Before joining the Conservancy in 2013, Heather was a lead scientist at the Natural Capital Project, where she led the development of a pioneering software application (InVEST) that reveals the ecosystem service costs and benefits of land and water use decisions. At the Natural Capital Project, Heather also helped develop a new free software tool - RIOS -which uses biophysical, ecological and social data to help policymakers and others maximize the feasibility and effectiveness of watershed investments. RIOS will be used to design 40 new water funds in Latin America and Africa.

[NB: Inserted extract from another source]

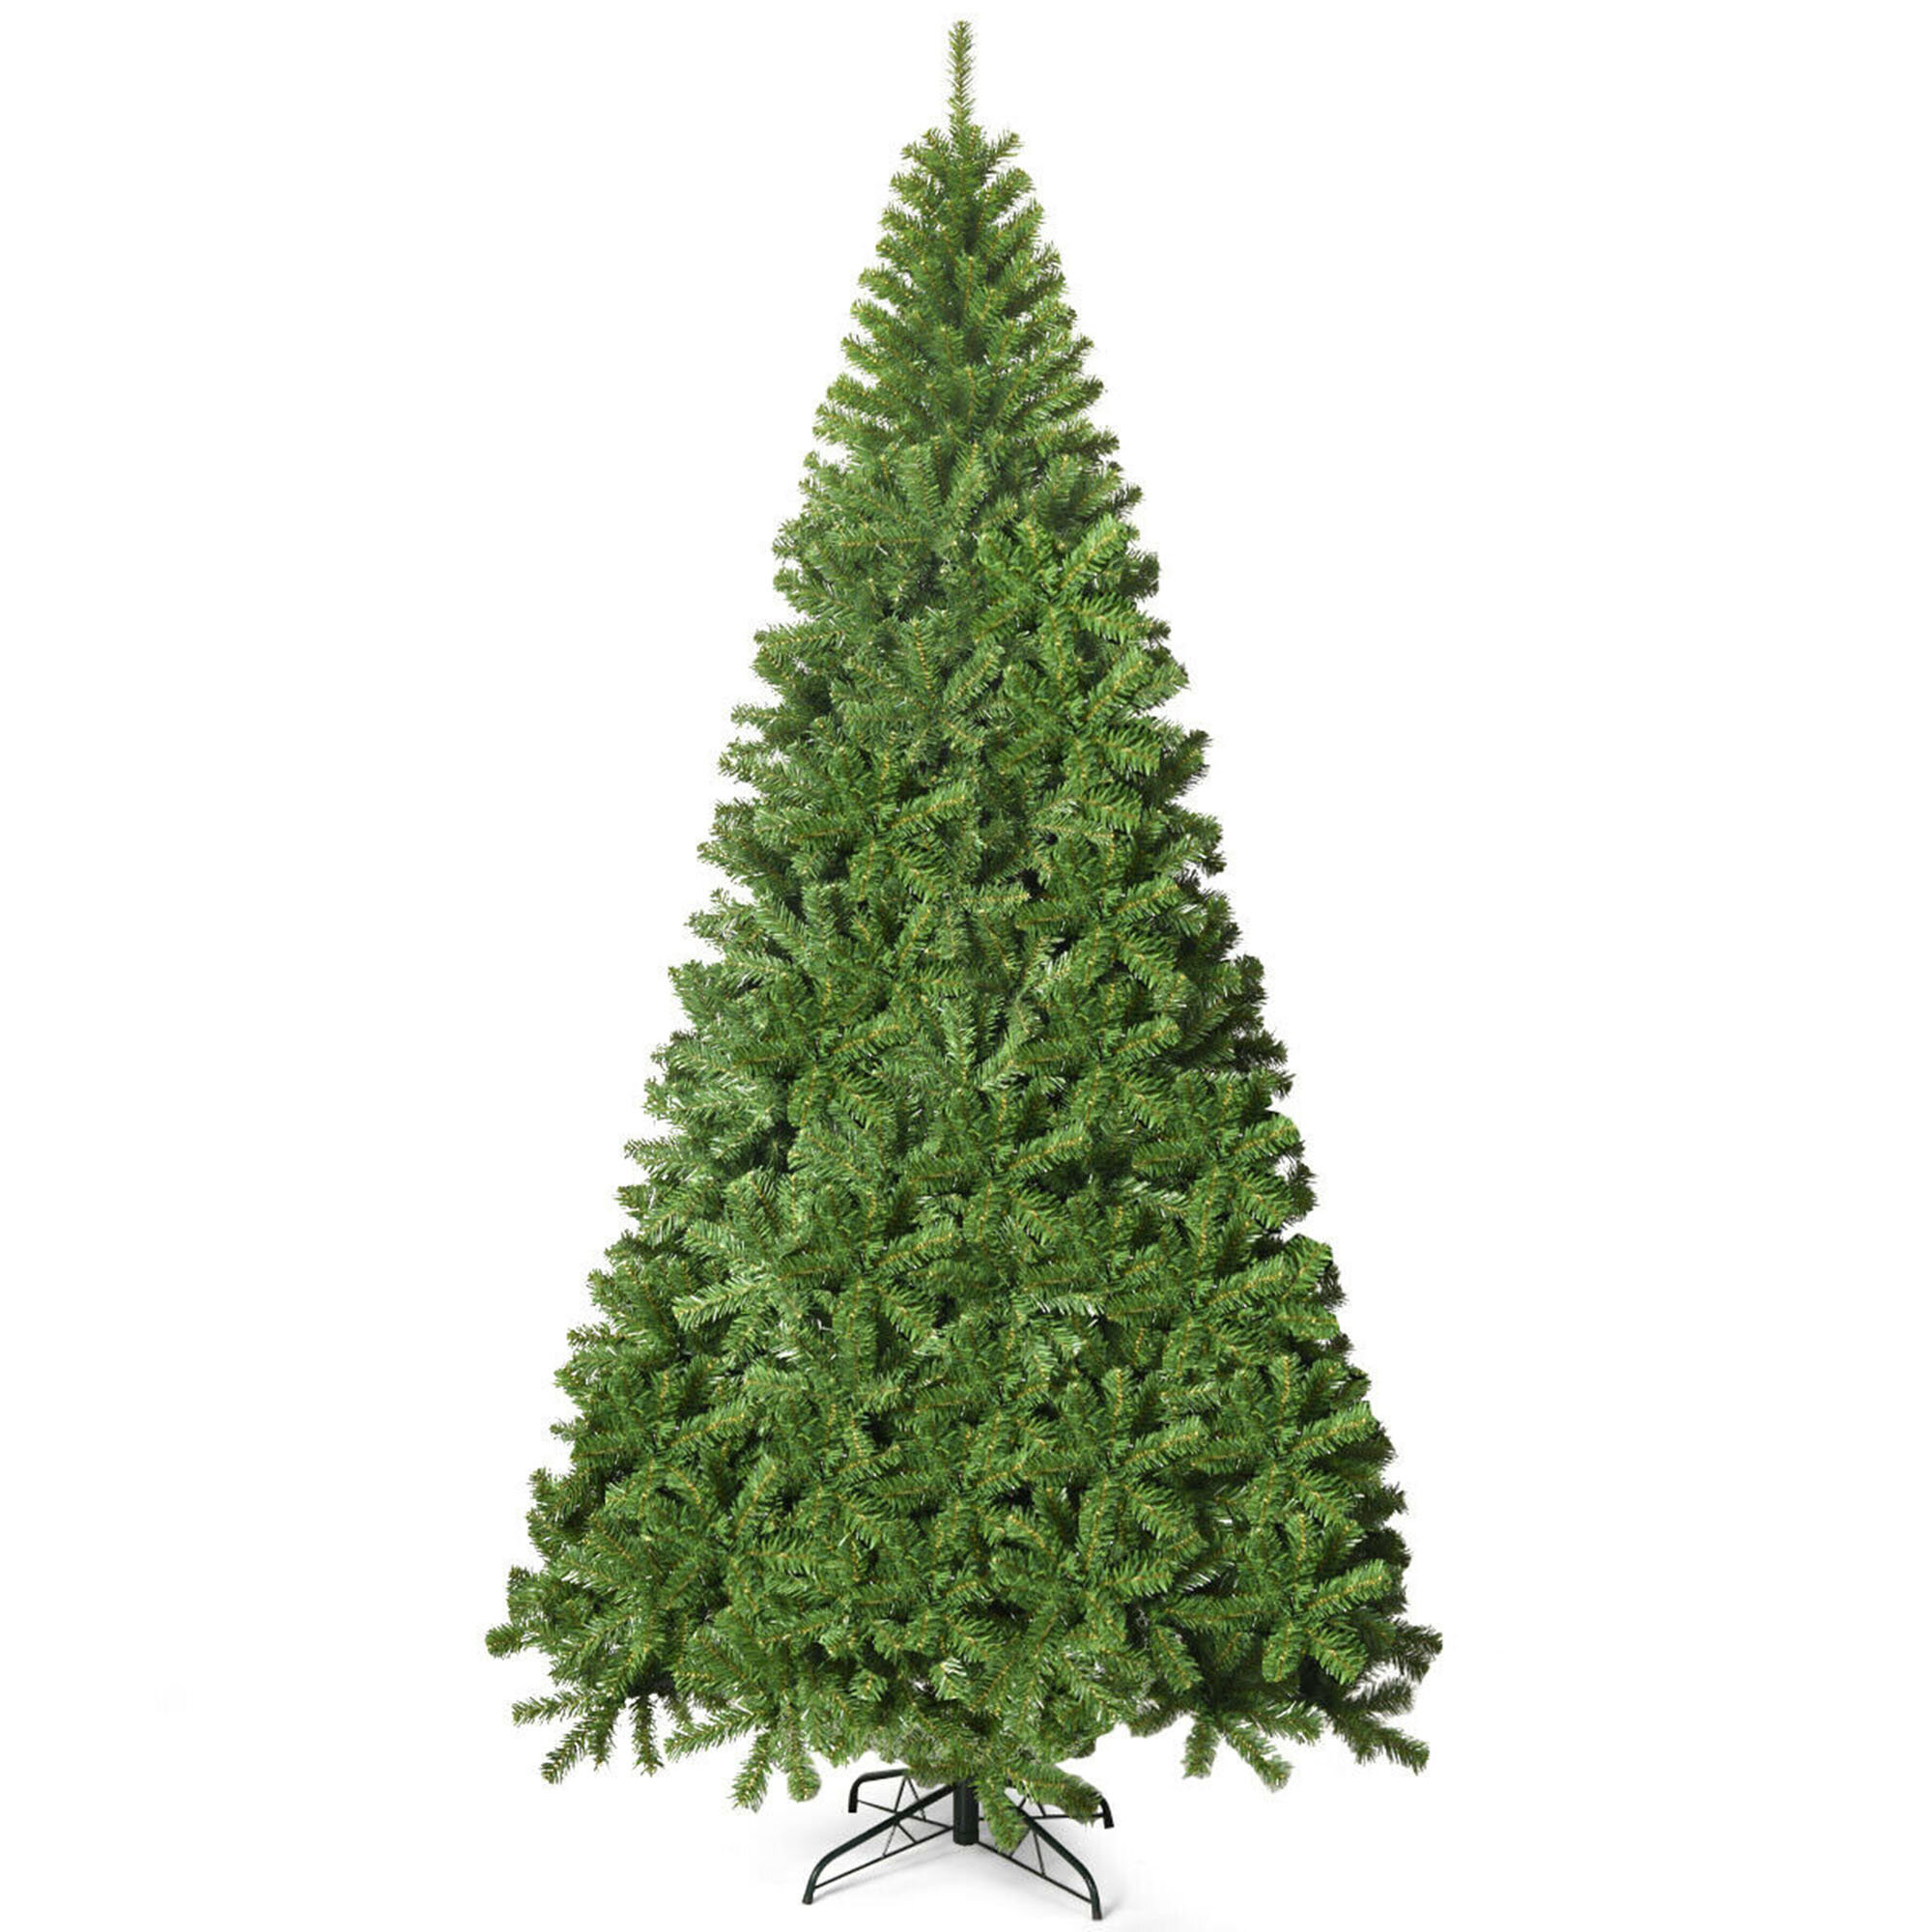 The Holiday Aisle® Pine Christmas Tree | Wayfair

Beyond model development, Heather has worked with governments, corporations and non-government groups to use science about nature's benefits to inform environmental impact assessment, national accounting, land use planning, payment for ecosystem service design, and monitoring. She has guided research with diverse stakeholders across Latin America as well as in China, Indonesia, Malaysia, India, Tanzania and the United States. On the international stage, she holds leadership and expert advisory roles with the World Bank and the Intergovernmental Science-Policy Platform on Biodiversity and Ecosystem Services.

She received an M.S. in chemical oceanography from the University of California, Santa Cruz, an M.S. in marine ecology from the University of Otago in New Zealand and a Ph.D. in zoology from the University of Washington. Heather is a co-editor of the book Natural Capital: The Theory and Practice of Mapping Ecosystem Services, released by Oxford University Press in 2011.